Unlike some of its peers, duplik considers hard links (i.e., multiple paths pointing at the same underlying inode) to be duplicates. This might be unexpected behaviour for users and as such I should consider changing the default or, at least, introduce a flag to control the behaviour.

Argument parsing is a bit janky and brittle. I'm looping over the arguments and making assumptions about how to parse options that are easy to break. I could depend on a package for this but I'm trying to avoid taking dependencies, so I'll have to think about this a bit more.

There is likely potential memory usage optimisation.

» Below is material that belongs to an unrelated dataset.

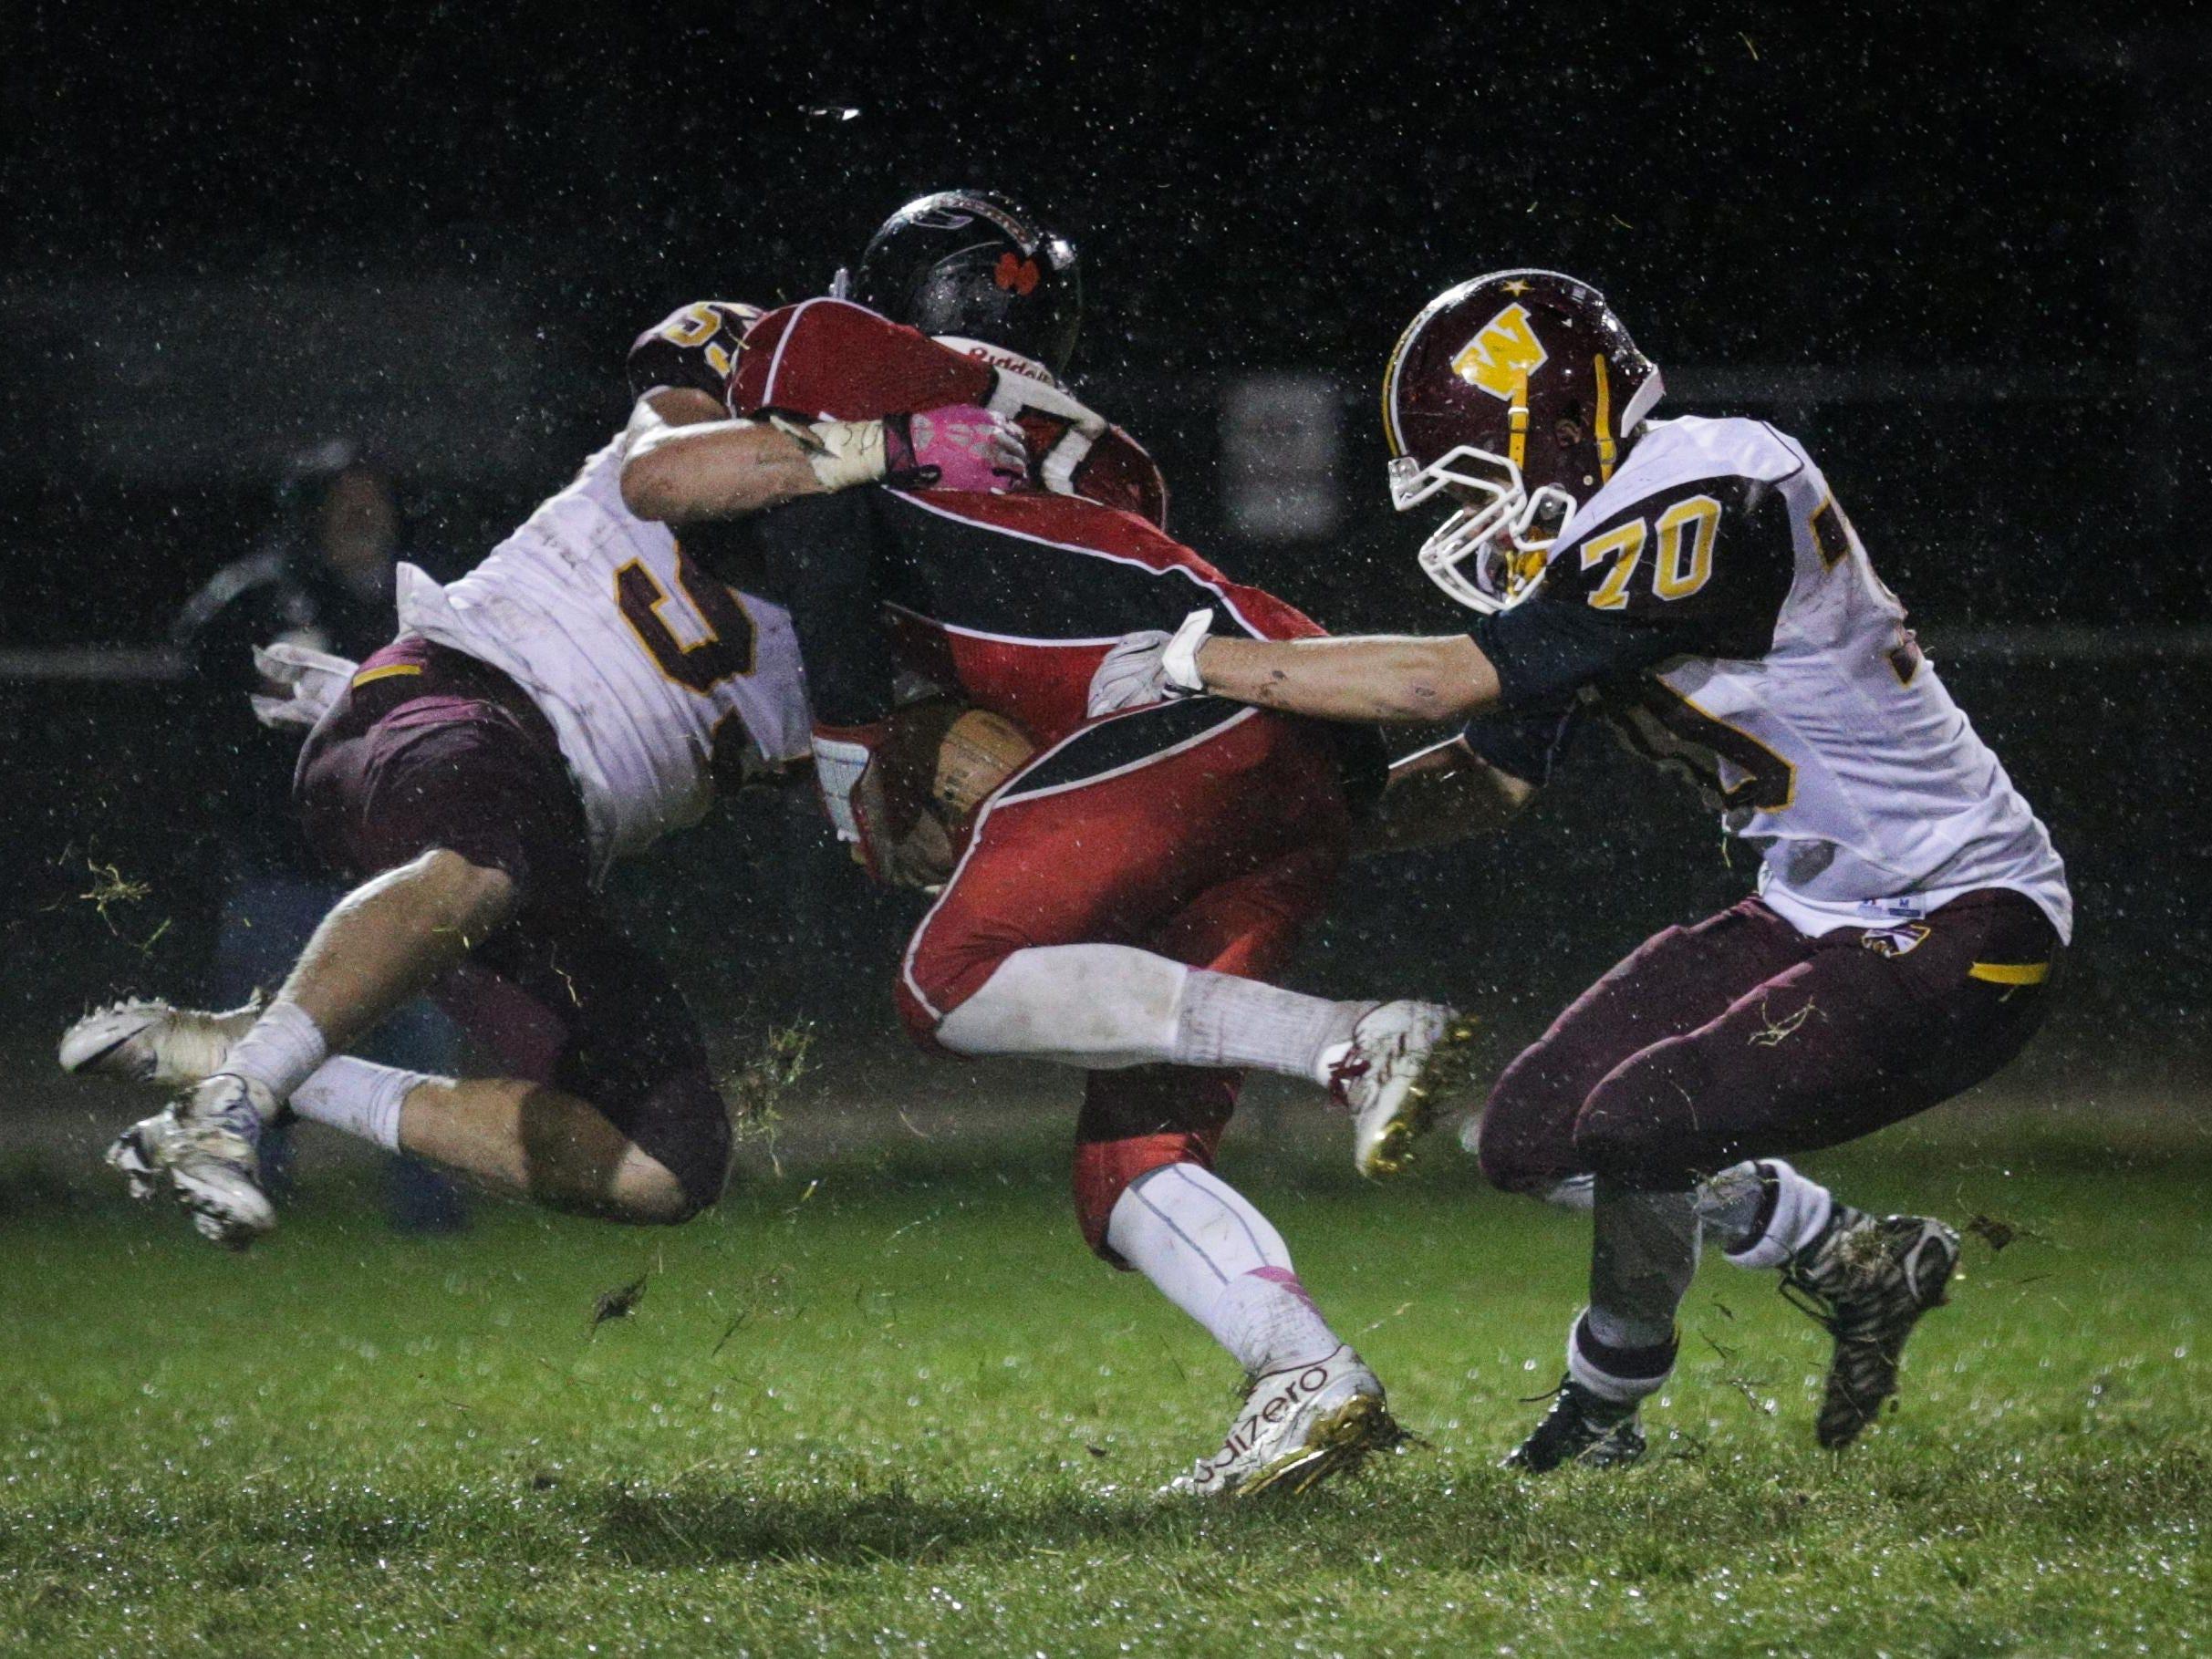 Windsor High School defenders Storm Fox, left, and Jesse Rhodes, sack Loveland High School quarterback Ayden Eberhardt during the third quarter in Loveland Colo. on Oct. 22, 2015.

I'm sure there are places where I can use references instead of duplicating and allocating data. This is probably not that important in terms of runtime, compared to the file I/O and CPU-bound hashing, but it'll be nice to drive down the memory footprint of the tool. It's not crazy (<100MB for many tens of thousands of files), but it's not optimal either.

TL;DR

Building stuff is fun, especially in combination with learning a new language and new concepts. I really enjoyed programming using a more low tech environment. No LLMs, no language server, just offline-accessible docs, a running compiler in the background, and a text editor. Recommend everyone to give that a try if, like me, you are trying to rekindle your love for programming given the state of the current tech industry.